In phase 3, I now know what subscriptions I have and why I have them. If Scribd announces a change to their service, the process of re-evaluation is very low effort. There may still be effects locking me in, but my ignorance is not one of them.
Let’s Talk Entrepreneurship
Everything I’ve said thus far is geared toward the average person. Now I want to talk specifically to the entrepreneurs.
100% of what I said previously applies to you, but you have it far harder than everyone else. You should be used to this by now. You didn’t choose the easy path in life. While your corporate buddies were sipping mai tais on a rooftop, you were crunching numbers — trying to figure out whether to pay your gas bill or your AWS bill.
More importantly, though, you are running a business. That business is going to require all sorts of subscriptions in the form of SaaS and maybe PaaS, IaaS DaaS, or whatever other alphabet soup the subscription gods are pouring out today.
Convenience — while important to consumers — becomes synonymous with money for an entrepreneur. If a subscription saves you 10 hours/month of manual work, it is worth as much as the value that you can add to the business by devoting those 10 hours to a different task.
Change also becomes a bigger factor in your decision process. Consumers’ lives are more static than those of entrepreneurs. Businesses change at the speed of innovation.
Corporate employees are shielded from most of this change by the management chain. You are not. Where they have an umbrella to keep the rains of change away, you hold a funnel over your head because soaking in that change is what keeps you alive.
But enough prose. Here’s why that matters. Annual plans are seldom the right choice for entrepreneurs. Your needs will change, and that money you invested in the annual subscription will be a lifeline that you threw away.
There is only one annual purchase that I have ever found worthwhile as an entrepreneur, and that was AWS compute time.
Other lock-in effects are also a bigger deal for you.
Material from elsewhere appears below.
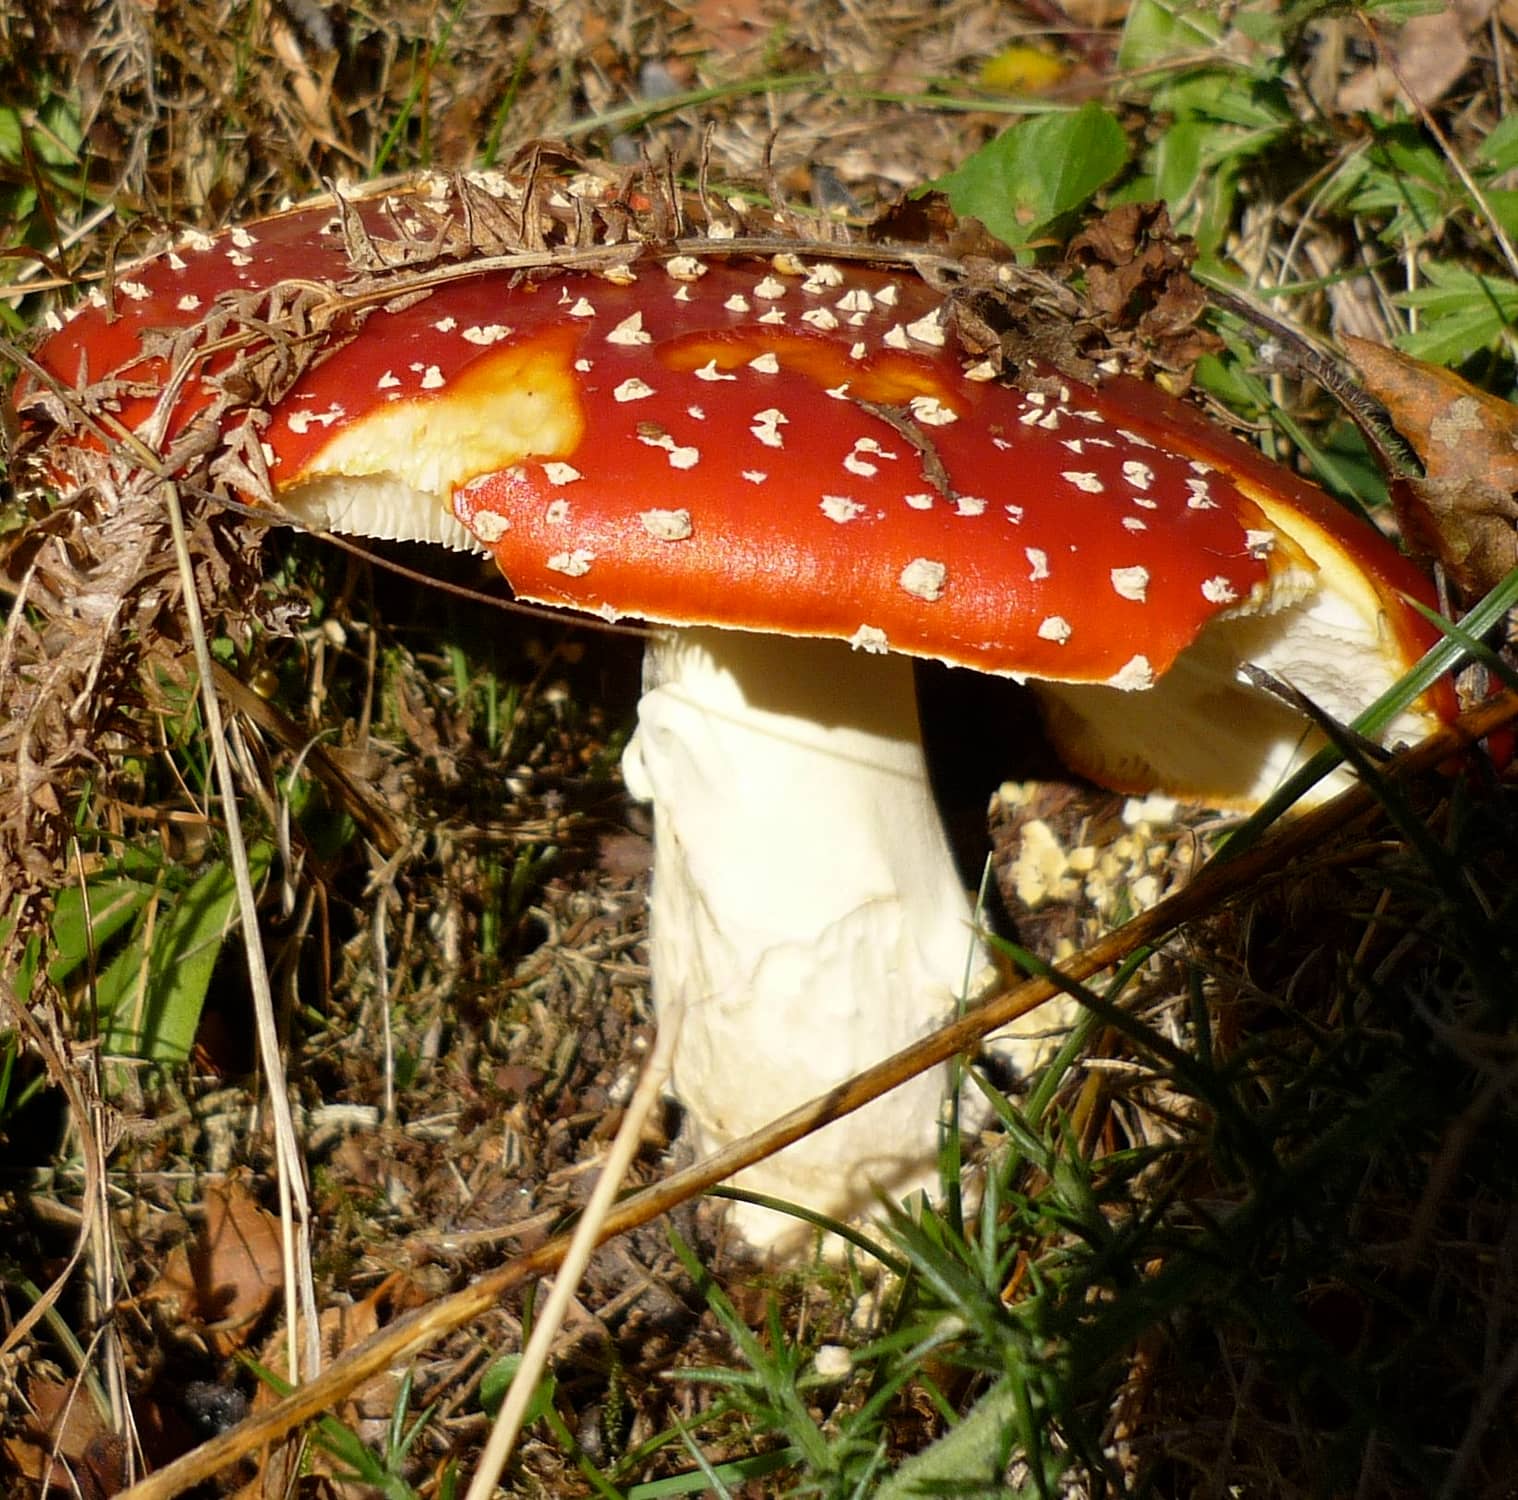 Fly agaric, one of our most distinct and toxic mushrooms

For any service that is crucial to your company, you need an escape route before you sign up. Know what it would take to move your e-mail campaigns. Know how to switch accounting software.
I’m not talking about having a step-by-step plan for everything. That would be crazy. But before you sign up you should do some googling to determine what it would take to swap from that service to their biggest competitor. Know whether the pathway is simply downloading files or if you need to hire a contractor to build a custom pipe.
Final Thoughts
Subscriptions are here to stay. You and your business will be using them for decades to come. If you are reading this in the year 2080, it’s okay to be amazed by my prescience.
Here’s a quick bullet list of my suggestions.
- Know what subscriptions you have. Truebill is a lifesaver for this.
- Identify each subscription with a real problem of yours that it is solving. Always keep in mind that the subscription’s value is pinned to the cost of that problem.
- Know why you chose the particular subscription over any other solution. This will decrease the effort required in evaluating a switch.
- Re-evaluate your subscriptions frequently. The less certain you were of the choice, the more frequent this should happen.
- Annual plans are rarely the right choice. They have their place, but mostly they benefit the service provider more than they benefit you. This is especially true for entrepreneurs.
- If you are an entrepreneur, your time is valuable. Don’t forget that when it comes to subscriptions. The rest of you can decide how valuable your time is; that’s not for me to say.
I should note that much of this article can be applied to non-subscription purchases as well, particularly the parts about defining value in terms of a problem.
Thanks for taking the time to read my piece.
In case you were wondering, 2 subscription services were used while writing this, and at least 3 more will be used while distributing it. It seems that none of us are immune to the subscription economy.